Paper shuffled on the other end. In the background she heard a television murmuring through static, the distant slam of a door. “Right. Yes. Sorry. Signal’s trash out here. This is Janice. You got my messages?”
“Eventually. I need to ask you something.”
“If it’s about the timeline, I already told legal we’re not touching the north side till county signs off. Weather pushed the excavator back another—”
“Has anyone been under the house?” Mara asked.
A pause. “Under it?”
“At the slide. In the exposed section. Before me, after me, whenever. Any of your crew. Surveyors. Police. Anyone.”
Janice exhaled into the phone, all patience filed down to a nub. “County examiner went in once with a flashlight when they found the remains. Then they tagged the whole area unstable and told everybody to keep their asses out unless they wanted the hill on top of them. Why?”

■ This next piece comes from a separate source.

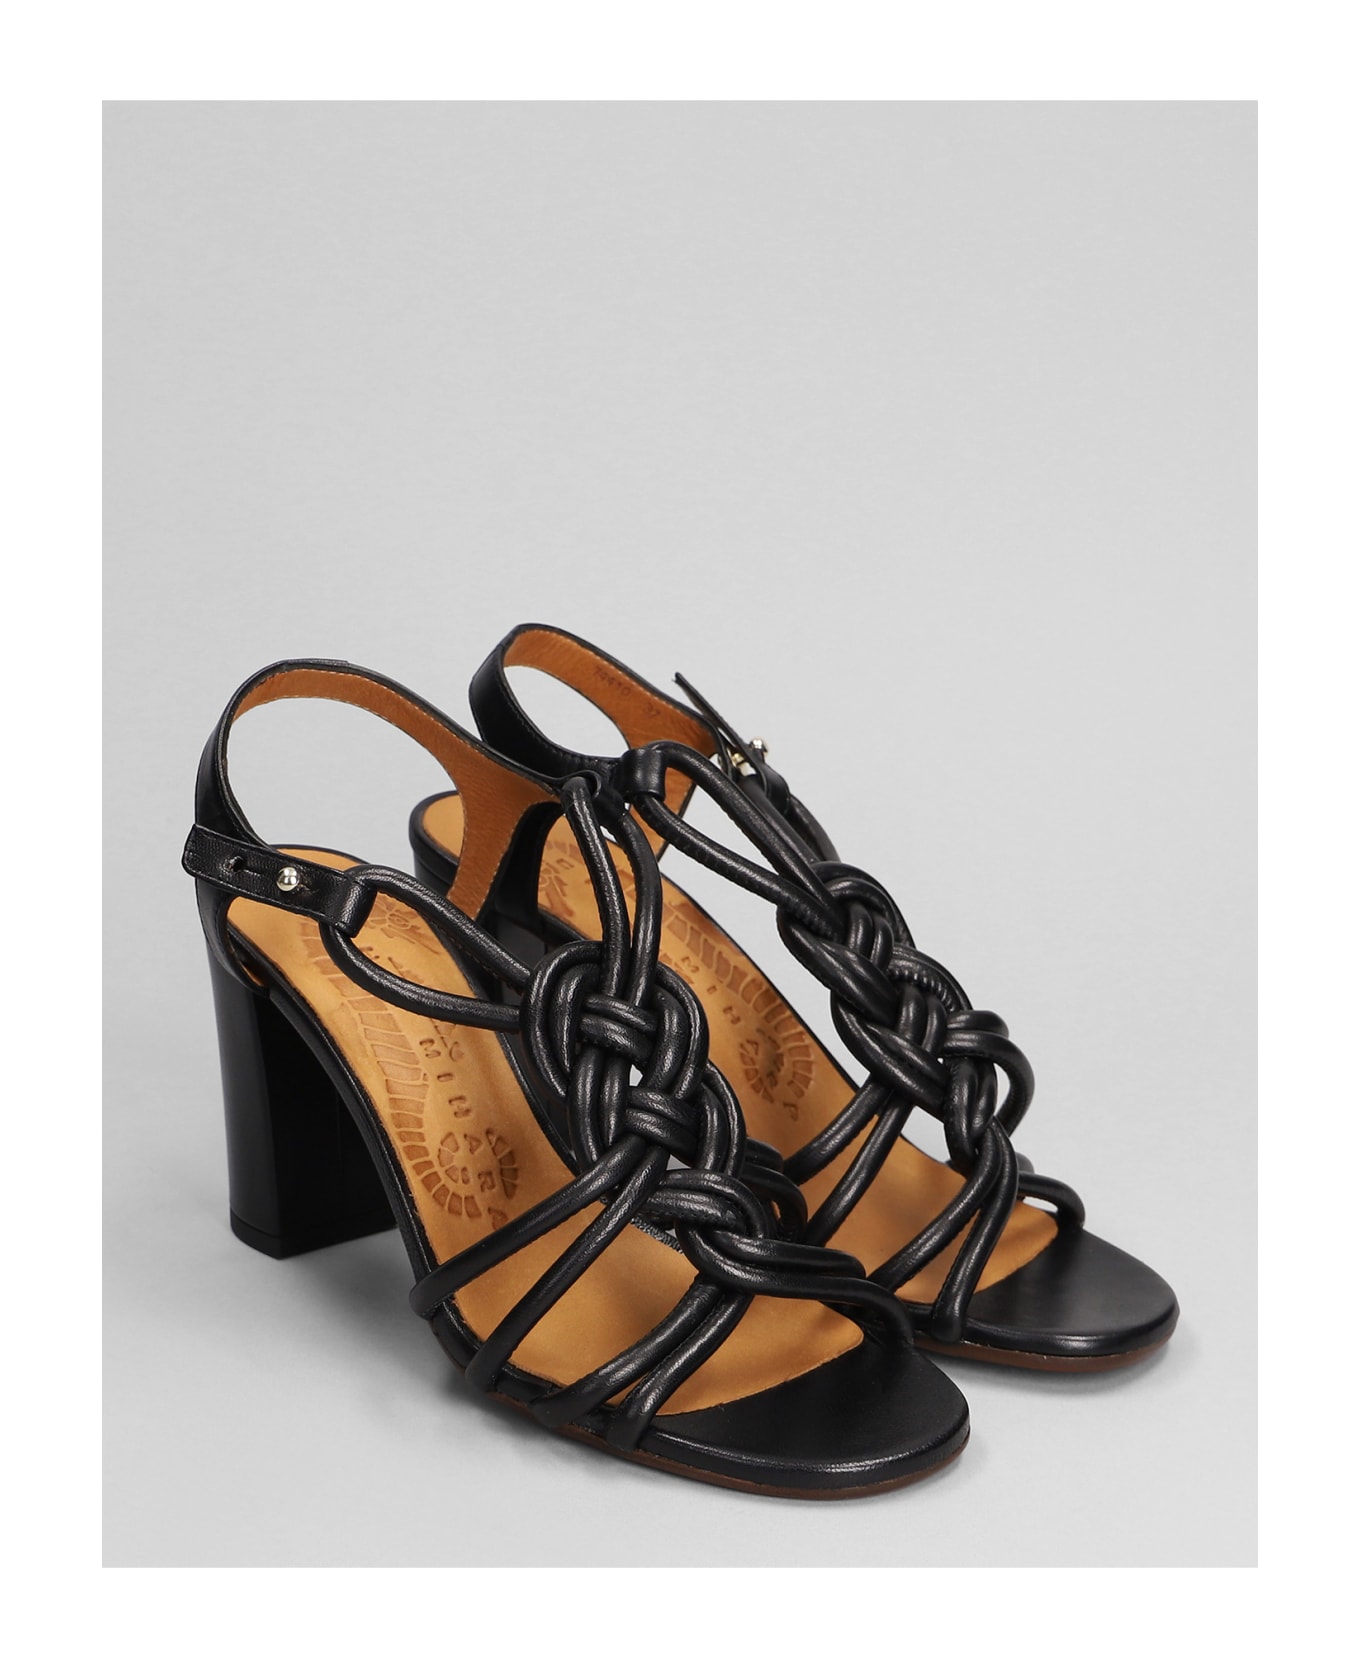 Chie Mihara Bane Sandals In Black Leather - black

Mara watched rain stripe the window. “Did they report hearing anything?”
“Hearing what?”
She could not say dozens of voices layered in the dirt begging me not to stop listening. She went with, “Machinery, maybe. A hum. Ground movement.”
“You hearing a hum?”
“I’m asking if anyone else did.”
“Look, Ms. Vale—” Janice’s voice sharpened with the firm cheerfulness of a person stepping around liability. “That site’s old and it’s weird and I’m sure the weather doesn’t help, but if you’re having some kind of medical issue, you should probably head back to town while the road’s still passable.”

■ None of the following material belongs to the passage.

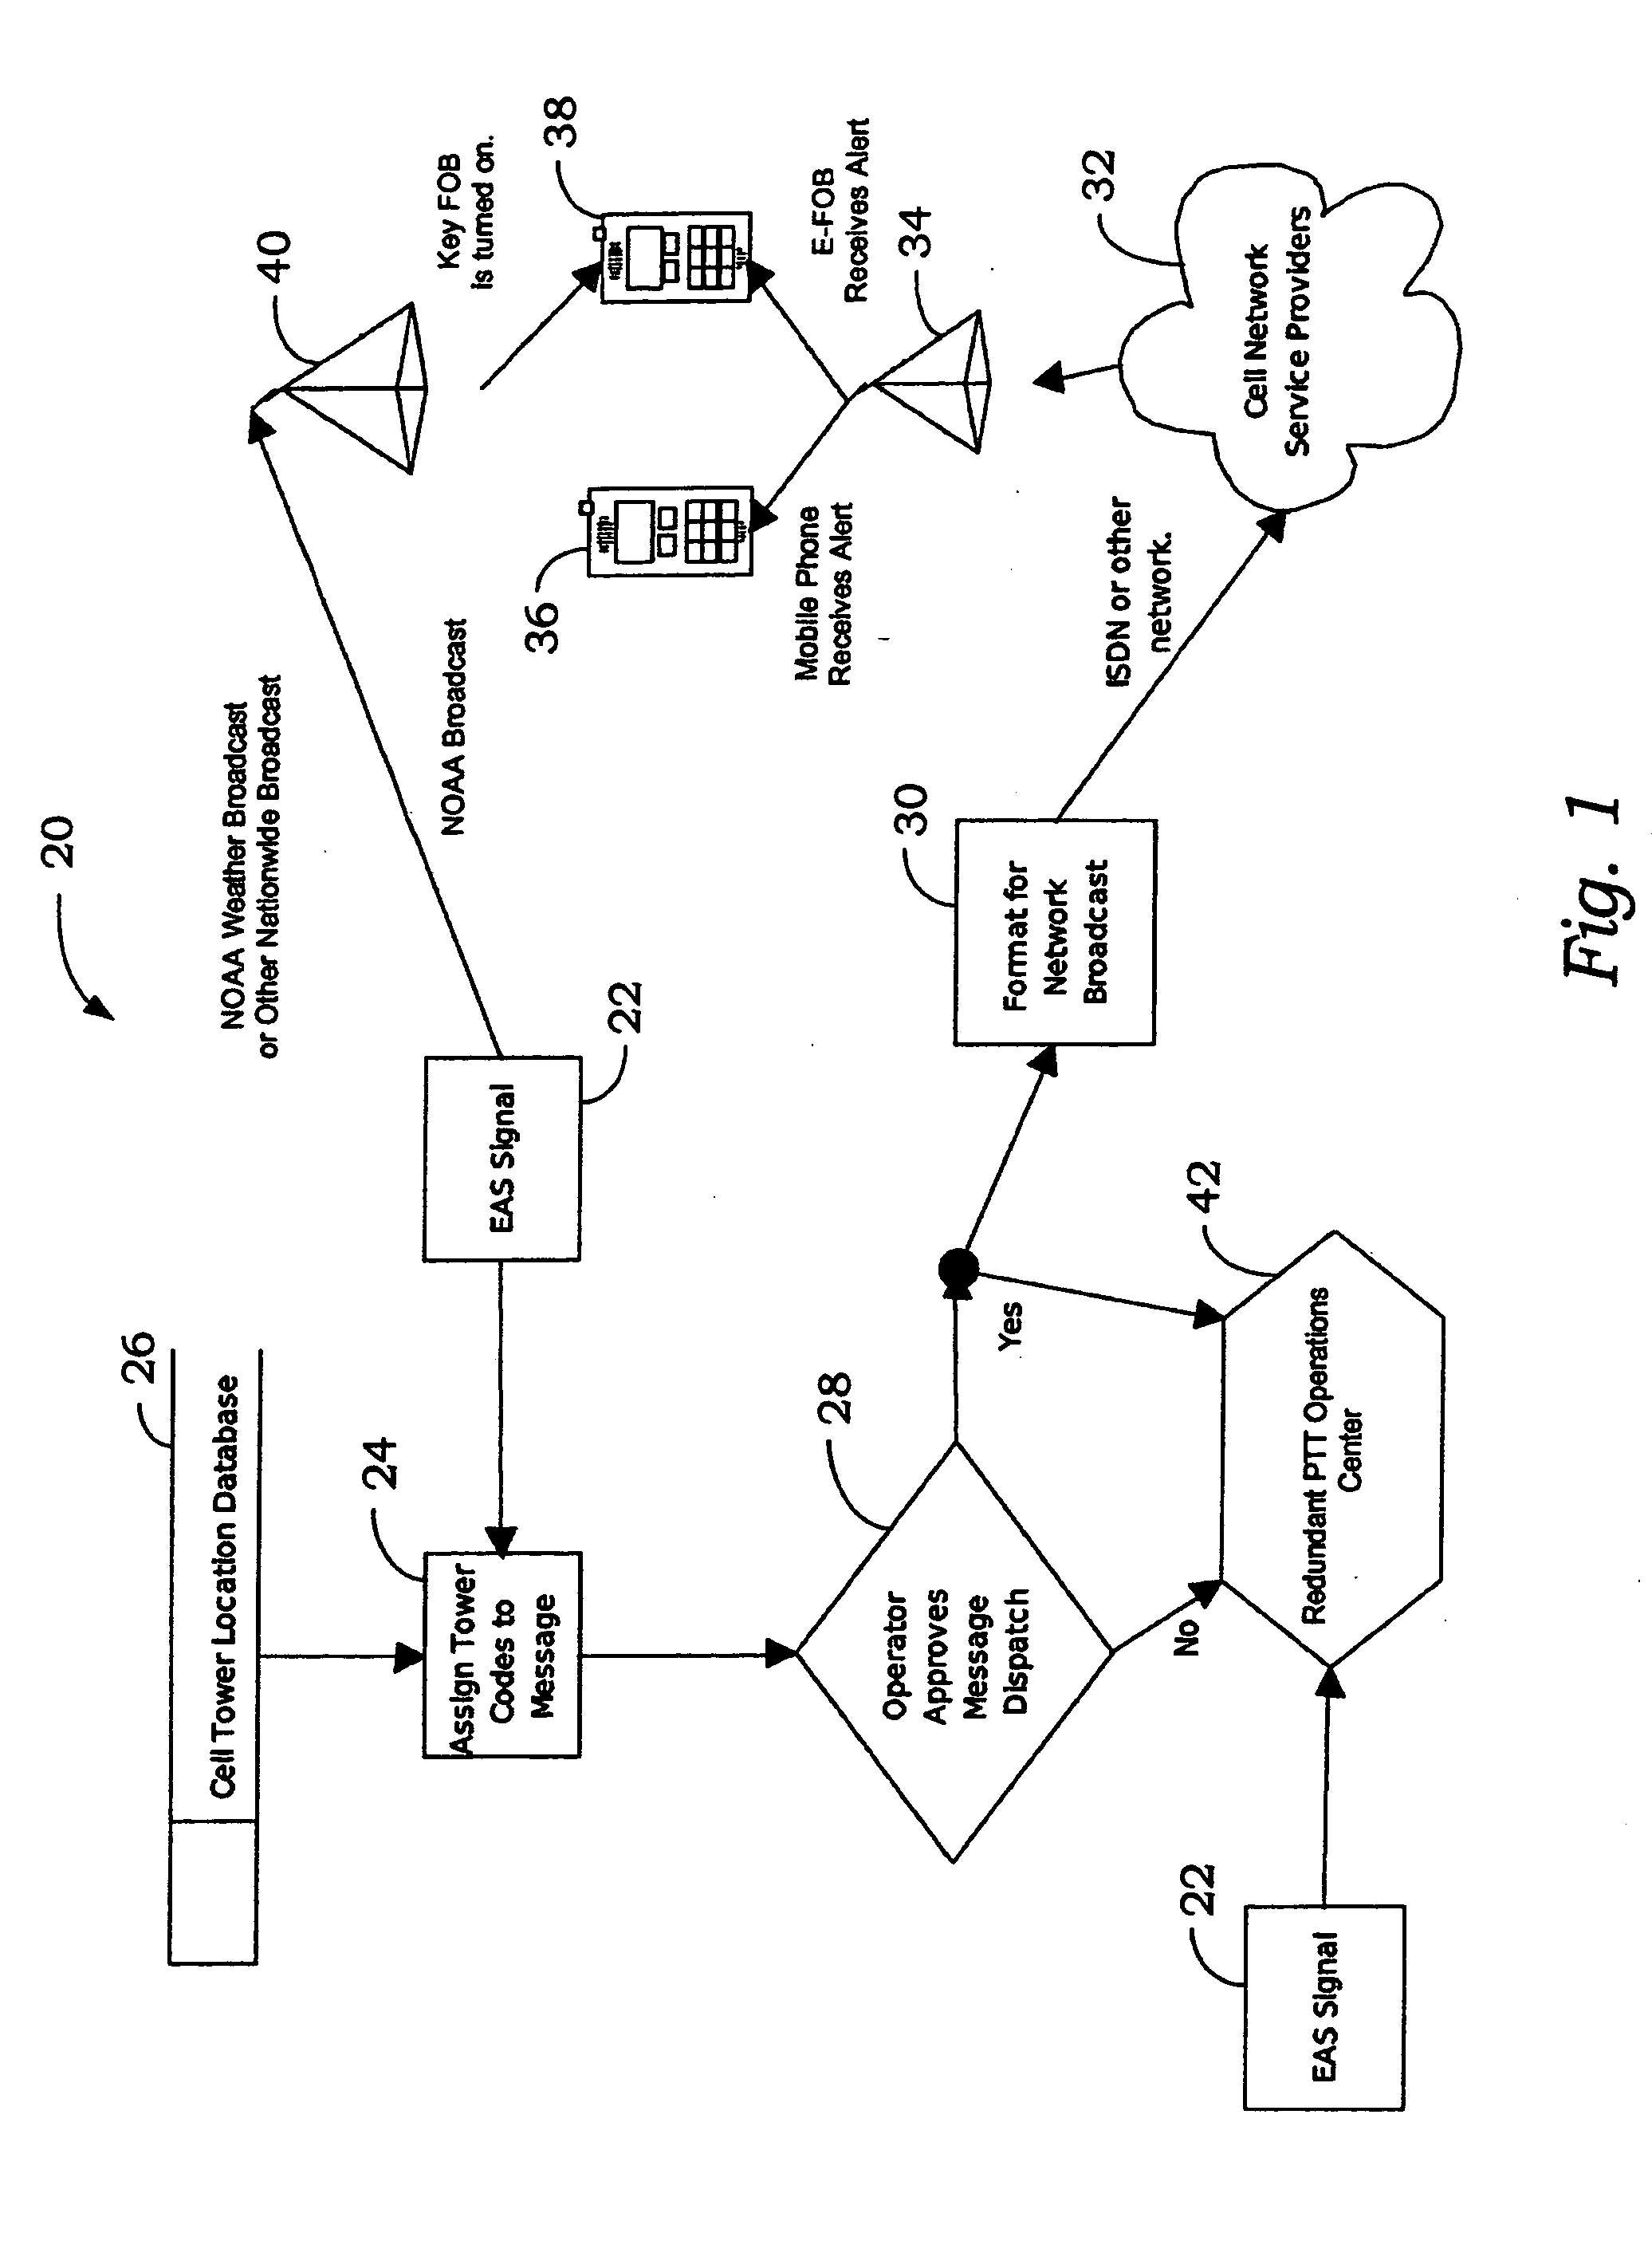 Alert system and personal apparatus

The kettle began to mutter behind Mara.
“Has the road opened?” she asked.
“One lane if the creek doesn’t rise. Maybe. Depends where you are on the hill. We’ve got another storm cell rolling in around noon.”
Mara gripped the edge of the sink until her knuckles blanched. If she left now, she could be in the truck in ten minutes. Fifteen if she stopped to grab the cases she’d cataloged. An hour to town, maybe more in mud. Clinic, motel, daylight, fluorescent certainty. She imagined herself doing it and felt, absurdly, the pressure in her ribs answer with a hardening pulse.
The kettle whined louder.
“Ms. Vale?” Janice said. “You still there?”
“Has anyone from your company entered the house?” Mara asked. “Inside. Since I arrived.”
“No. Why would they?”
“Because things move.”
That came out before she could stop it.
Silence. Then, more carefully, Janice said, “What kind of things?”
Mara stared at her own blurred shape in the dark pane over the sink. A woman in a stranger’s sweater, hair hanging in damp ropes, phone clenched to her ear as if the line might throw a rope back. “Doors I left closed are open. Equipment’s unplugged when I didn’t unplug it. I’m finding notes where I didn’t leave them.”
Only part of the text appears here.